After calling your function, the tree should look like:

         1 -> NULL
       /  \
      2 -> 3 -> NULL
     / \  / \
    4->5->6->7 -> NULL

看到这个题目首先想到的是按层遍历二叉树，然后对每一层做处理，但是仔细读题发现这个做法不好，因为题目要求空间复杂度是O(1)：

• You may only use constant extra space.

因为题目还有一个条件就是所给二叉树是一个满二叉树：

• You may assume that it is a perfect binary tree (ie, all leaves are at the same level, and every parent has two children).

这样可以很容易想到一个非常简单类似前序遍历的方法：

/**
 * Definition for binary tree with next pointer.
 * public class TreeLinkNode {
 *     int val;
 *     TreeLinkNode left, right, next;
 *     TreeLinkNode(int x) { val = x; }
 * }
 */
public class Solution {
    public void connect(TreeLinkNode root) {

        if(root == null || root.left == null) {
            return ;
        }

        root.left.next = root.right;

        if(root.next != null) {
            root.right.next = root.next.left;
        }

        connect(root.left);
        connect(root.right);

        return;
    }
}

虽然上边这种解法是可以AC的，但是也不符合题意，因为这种解法要消耗O(logh)的辅助递归栈空间。

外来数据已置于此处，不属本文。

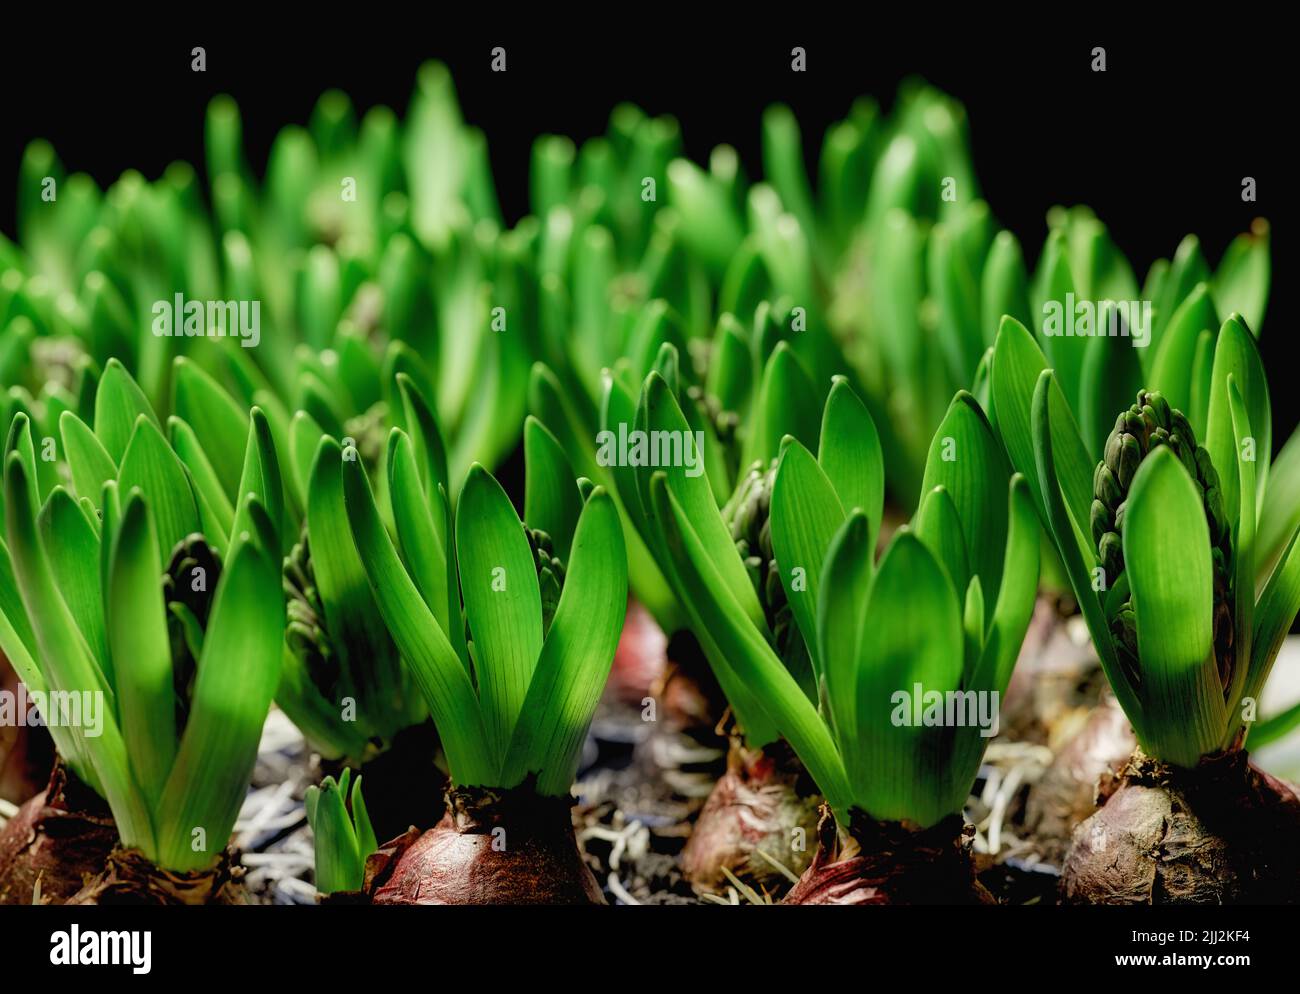 Viele grüne gewöhnliche Hyazinthe-Kräuterpflanzen isoliert auf dunklem Hintergrund. Nahaufnahme von Zierpflanzen, Kräuterblumen, die in Gärten, Parks oder Hinterhöfen wachsen Stockfoto

这样的话就要消去递归用循环来写就行了。这样空间复杂度就是O(1)，时间复杂度是O(logh)；

代码：

/**
 * Definition for binary tree with next pointer.
 * public class TreeLinkNode {
 *     int val;
 *     TreeLinkNode left, right, next;
 *     TreeLinkNode(int x) { val = x; }
 * }
 */
public class Solution {
    public void connect(TreeLinkNode root) {

        if(root == null || root.left == null) {
            return ;
        }

        TreeLinkNode cur;

        while(root.left != null) { //深度优先遍历左子树，目的是获取每一层的第一个节点
            cur = root;
            while(cur != null) { //遍历一层的每一个节点，并用next指针连接
                cur.left.next = cur.right;
                if(cur.next != null) {
                    cur.right.next = cur.next.left;
                }
                cur = cur.next;
            }
            root = root.left;
        }

        return;
    }
}

这题数据很水，递归也能过。